▶ _Exercise aim_:
Return exactly, please, the line that contains "Pack of 20 Sheets" and every line after it through the end of the material that follows, leaving pictures aside.
====== Data ======
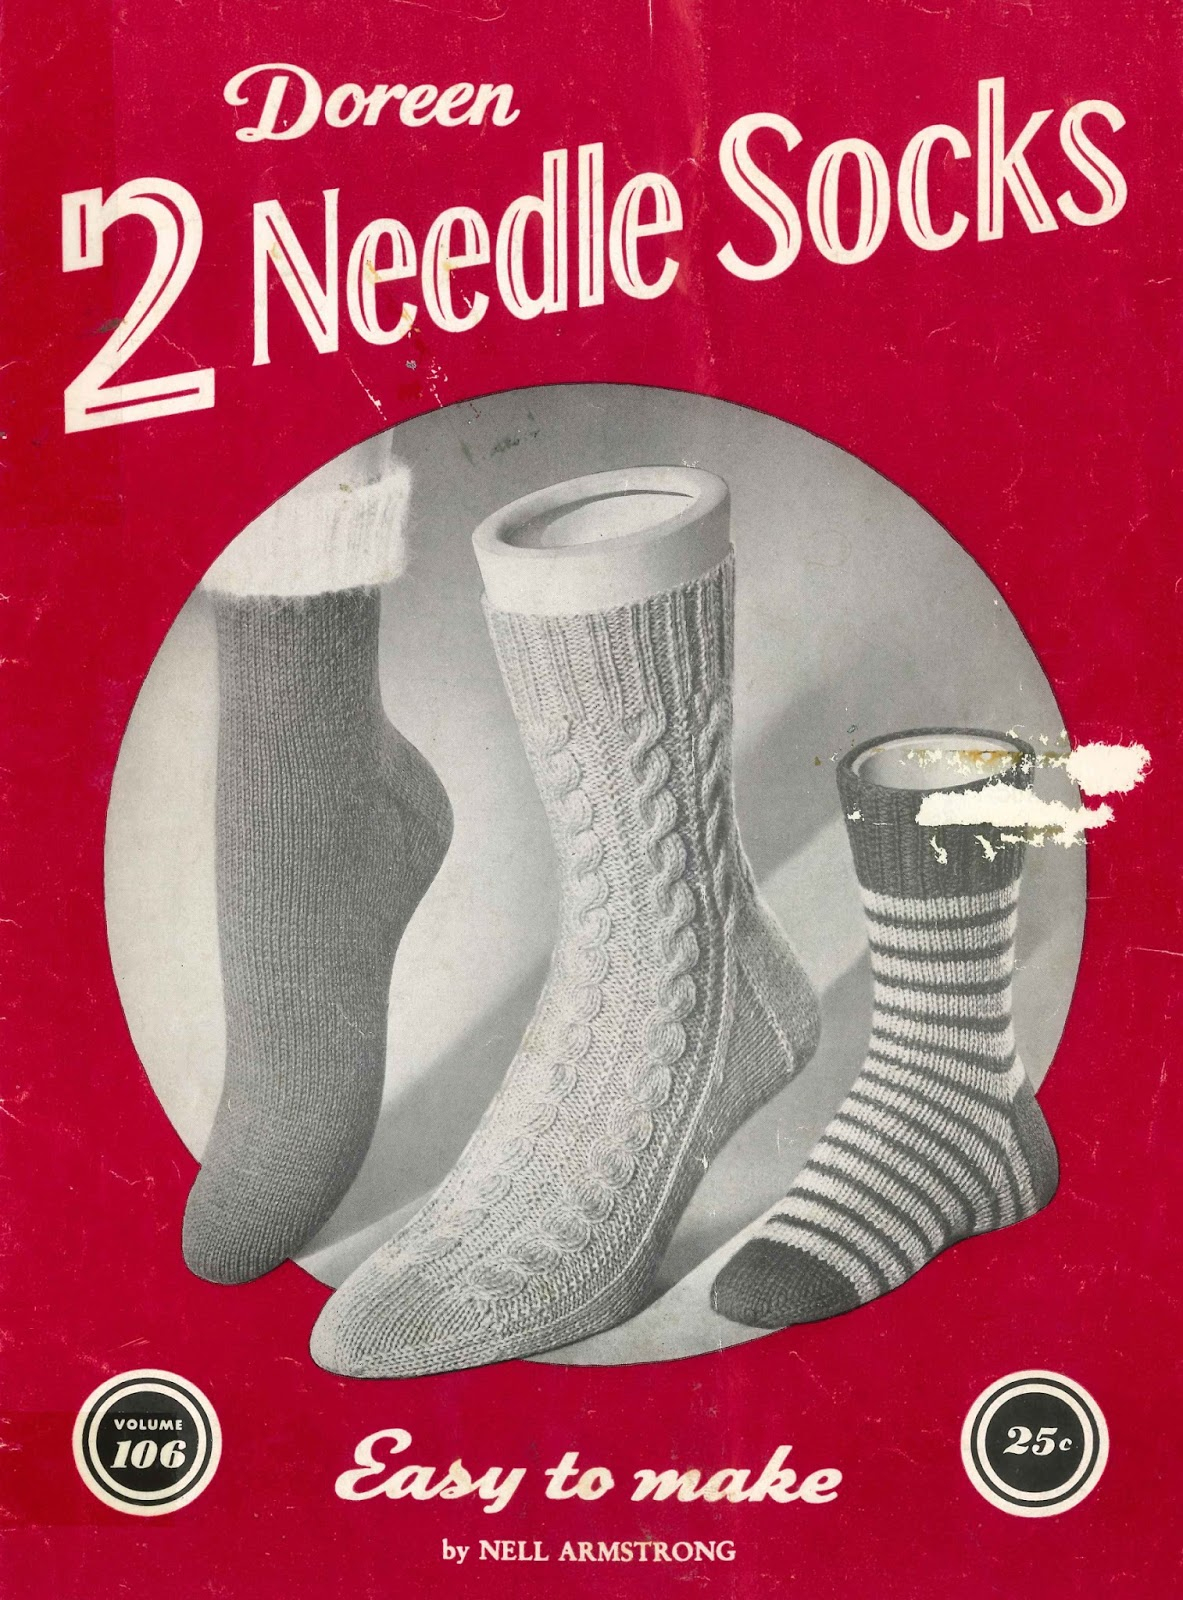 Free Two Needle Sock Knitting Patterns The Vintage Pattern Files 1950s Knitting Doreen 2 Needle Socks
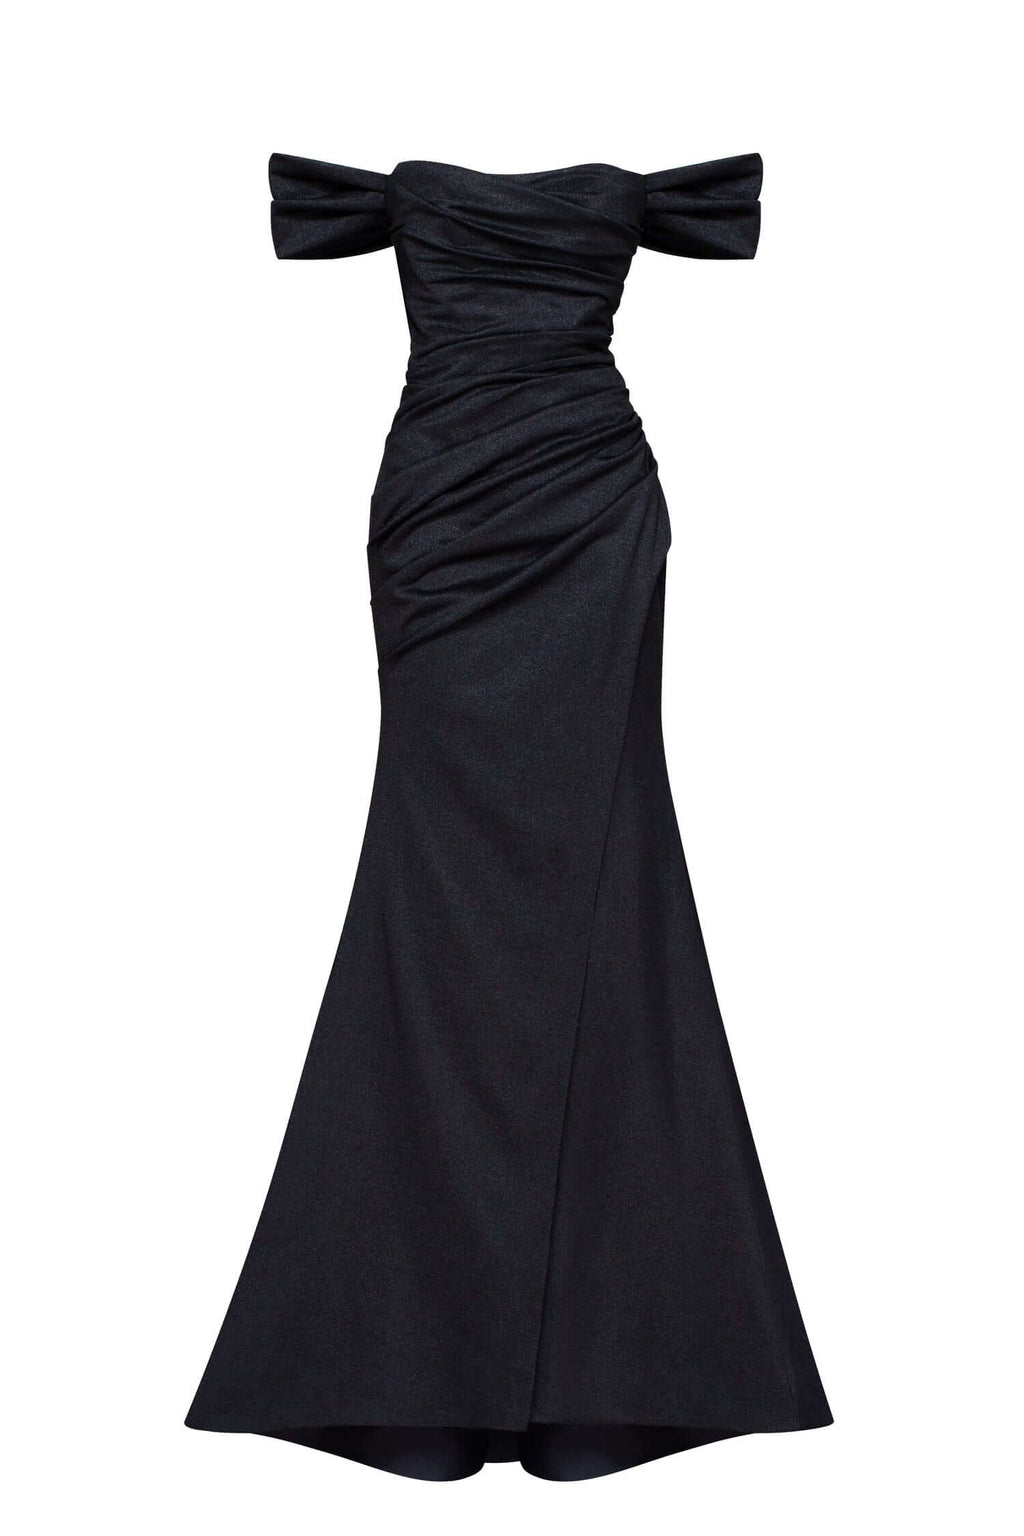 Black Silk Maxi Dress With Long Sleeves and Side Slit, Black Silk
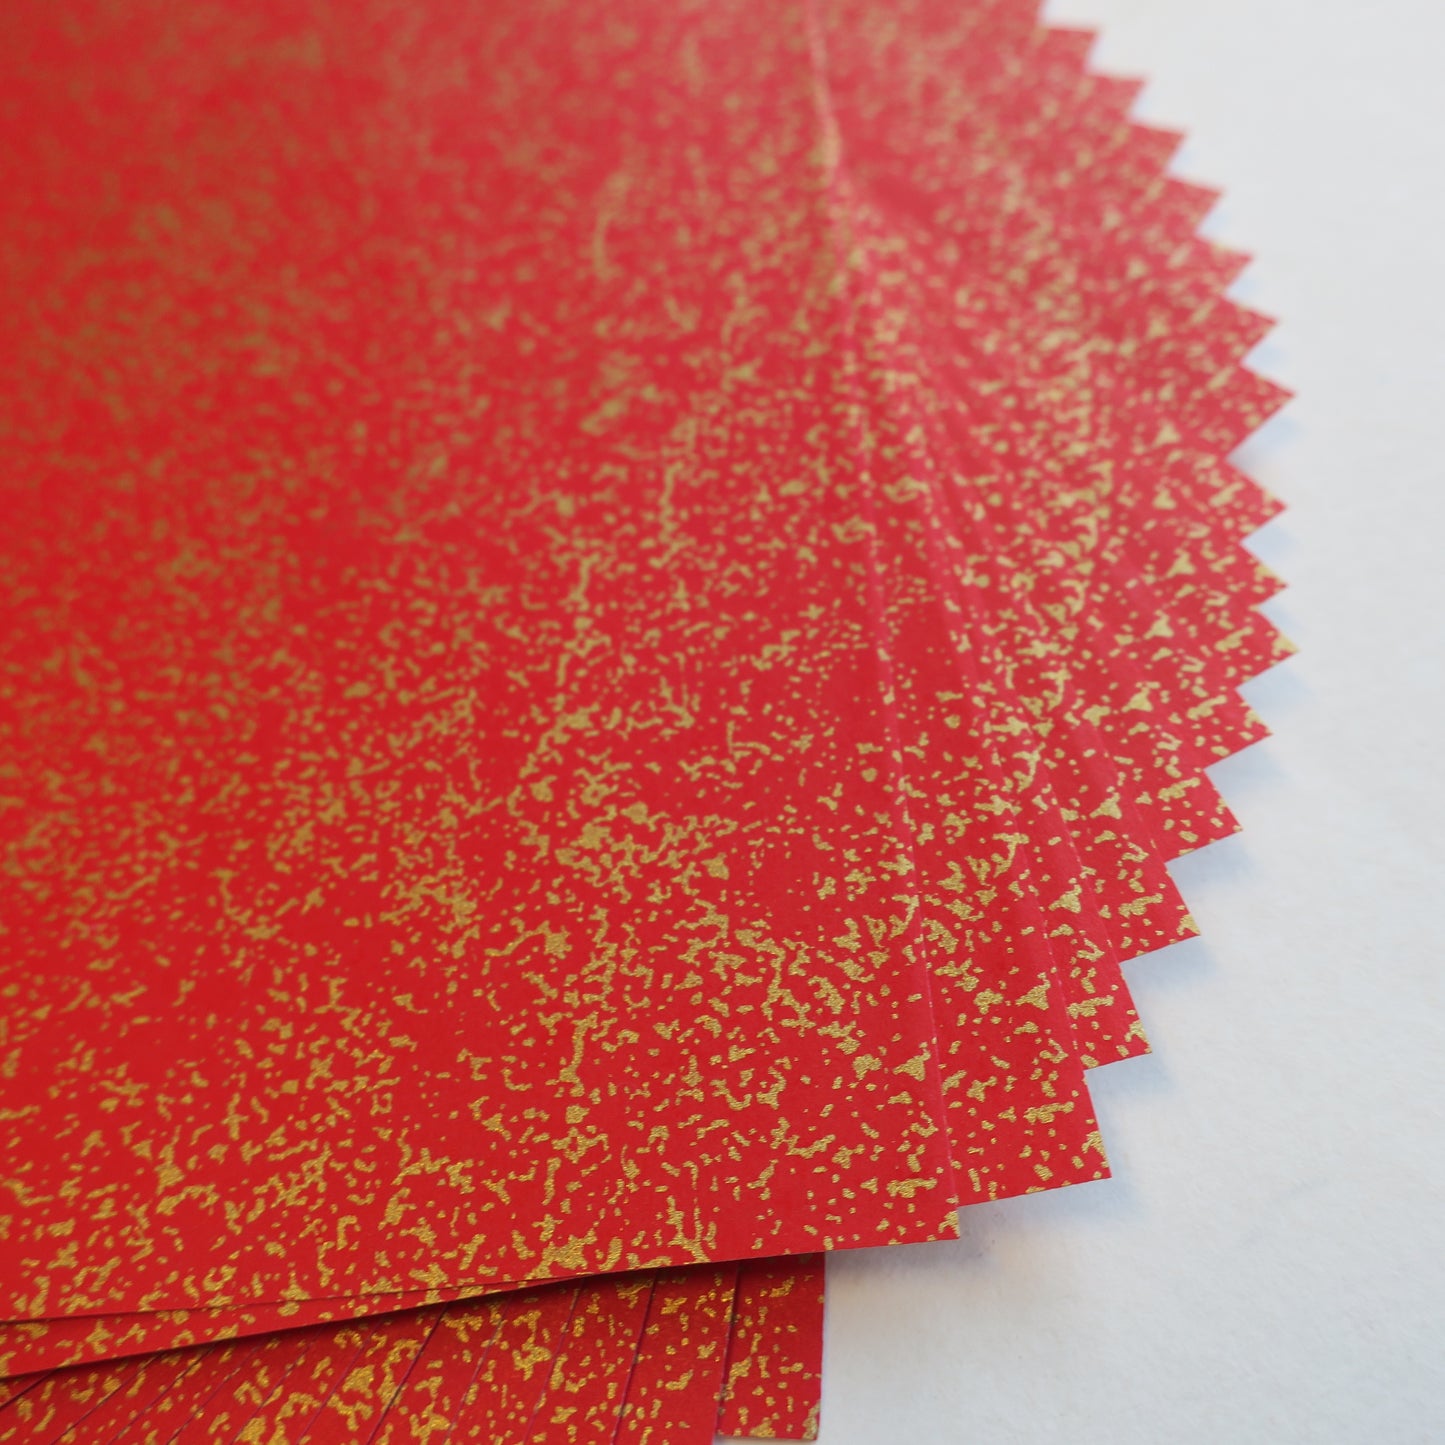 Pack of 20 Sheets 14x14cm Origami Paper - Red with gold flakes
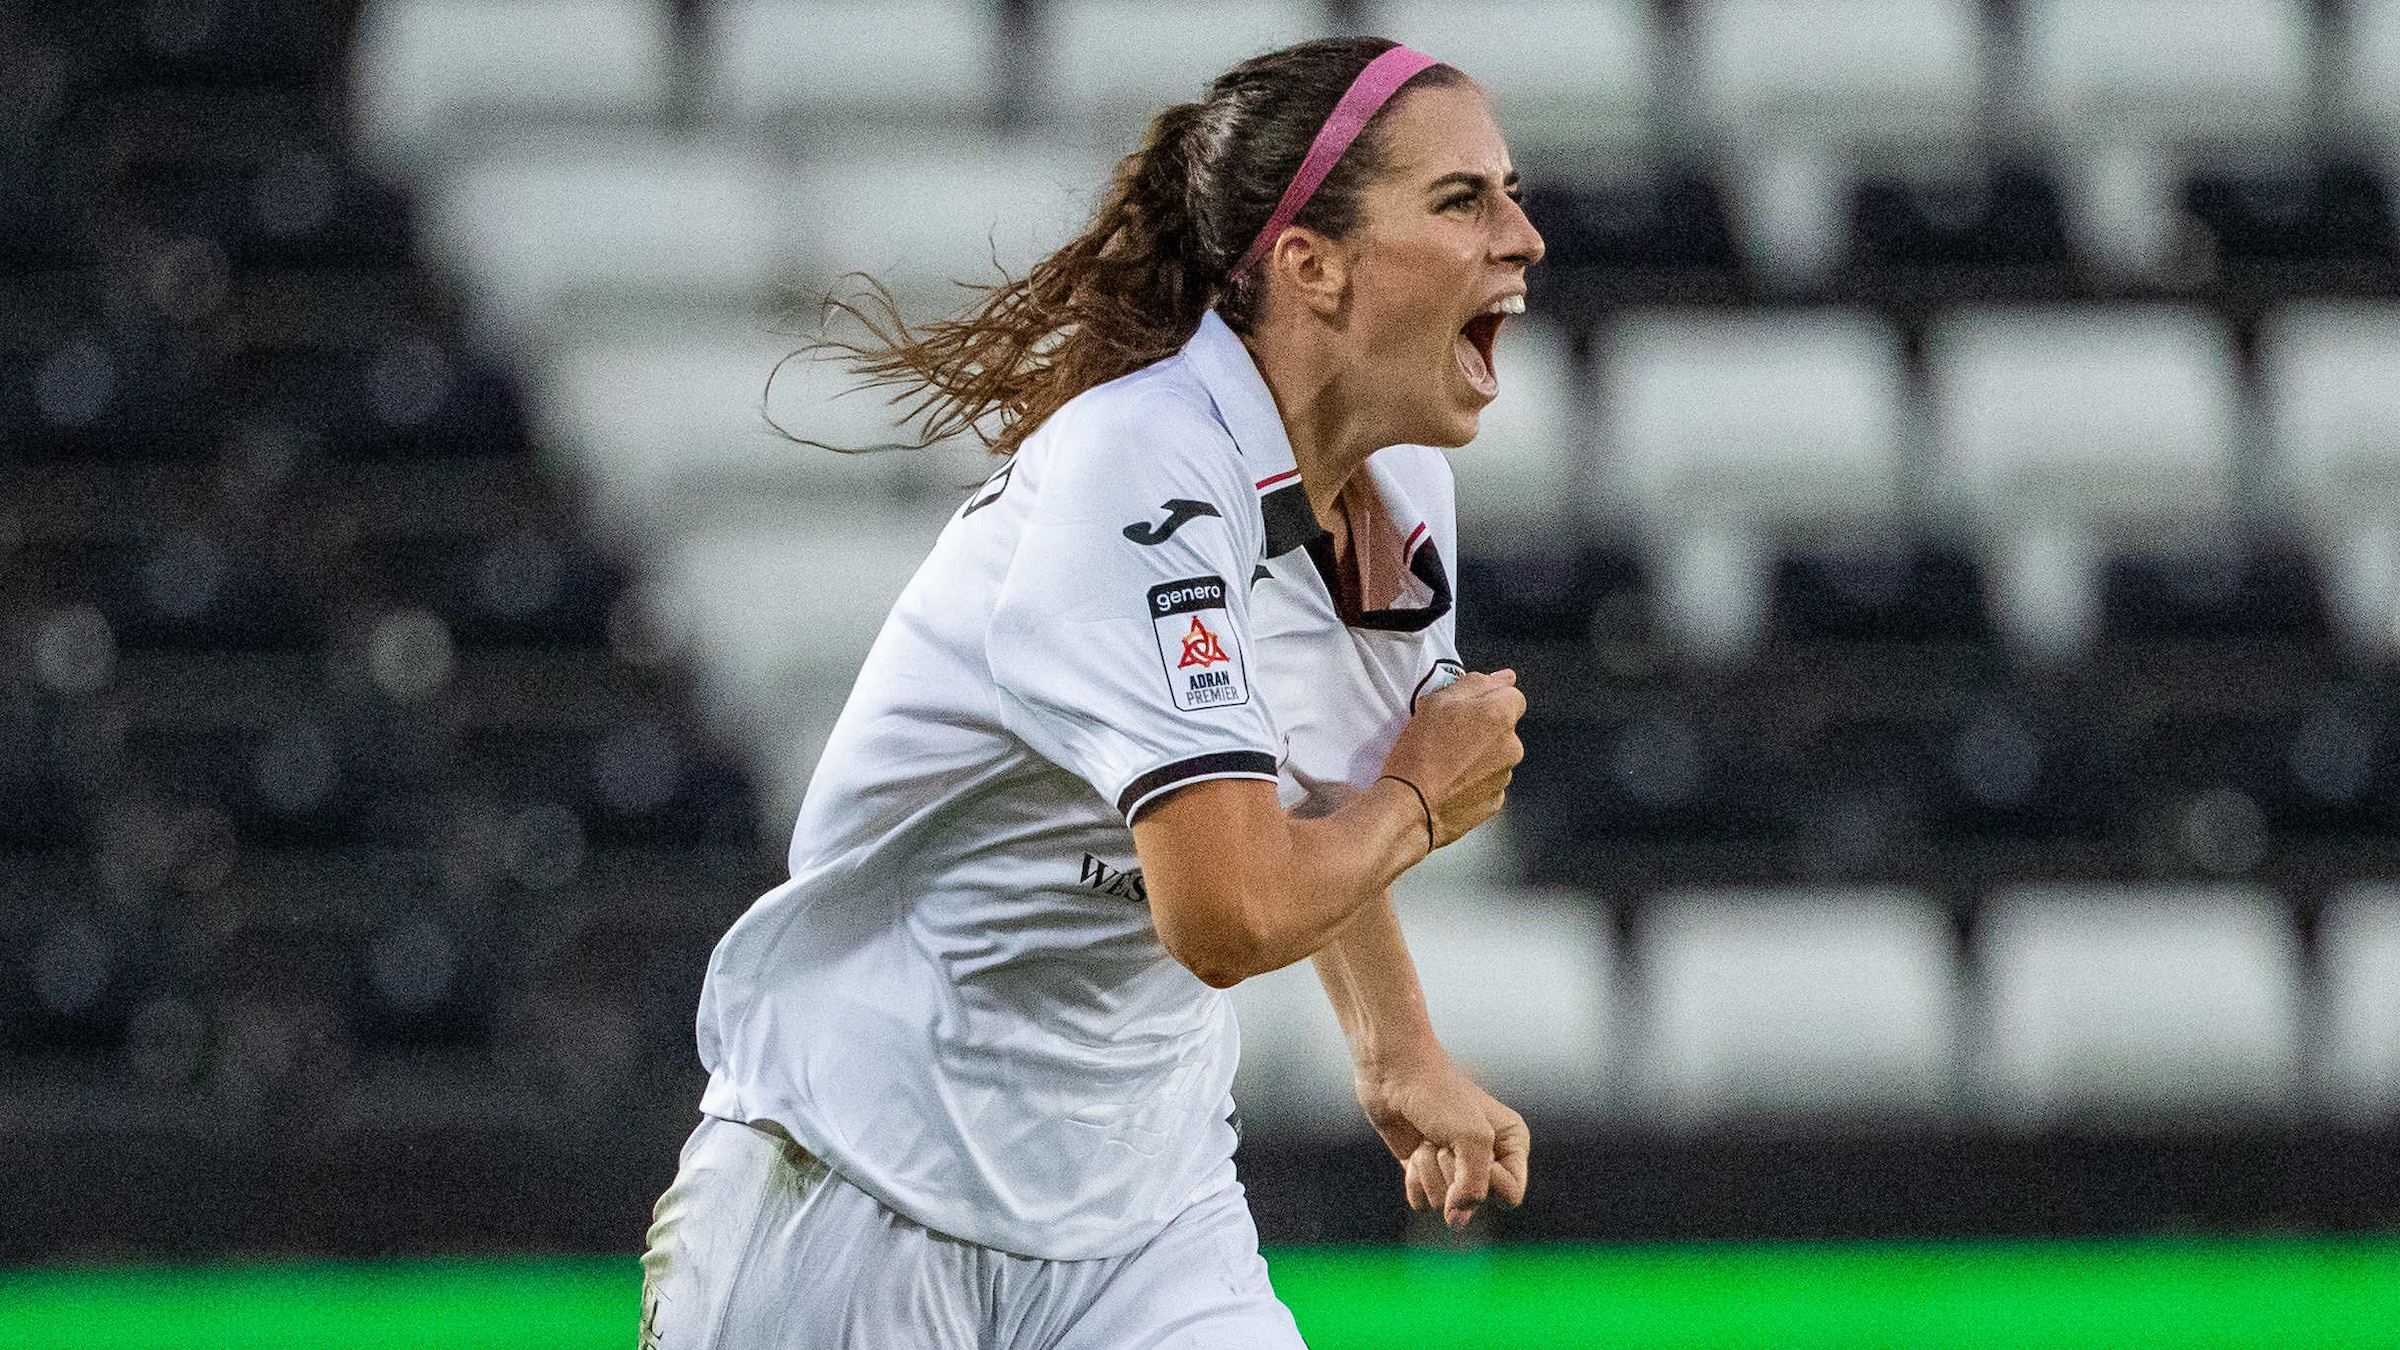 Katy Hosford celebrates by tapping the Swansea City badge on her shirt
======
▶ _Written answer_:
 Pack of 20 Sheets 14x14cm Origami Paper - Red with gold flakes
 Katy Hosford celebrates by tapping the Swansea City badge on her shirt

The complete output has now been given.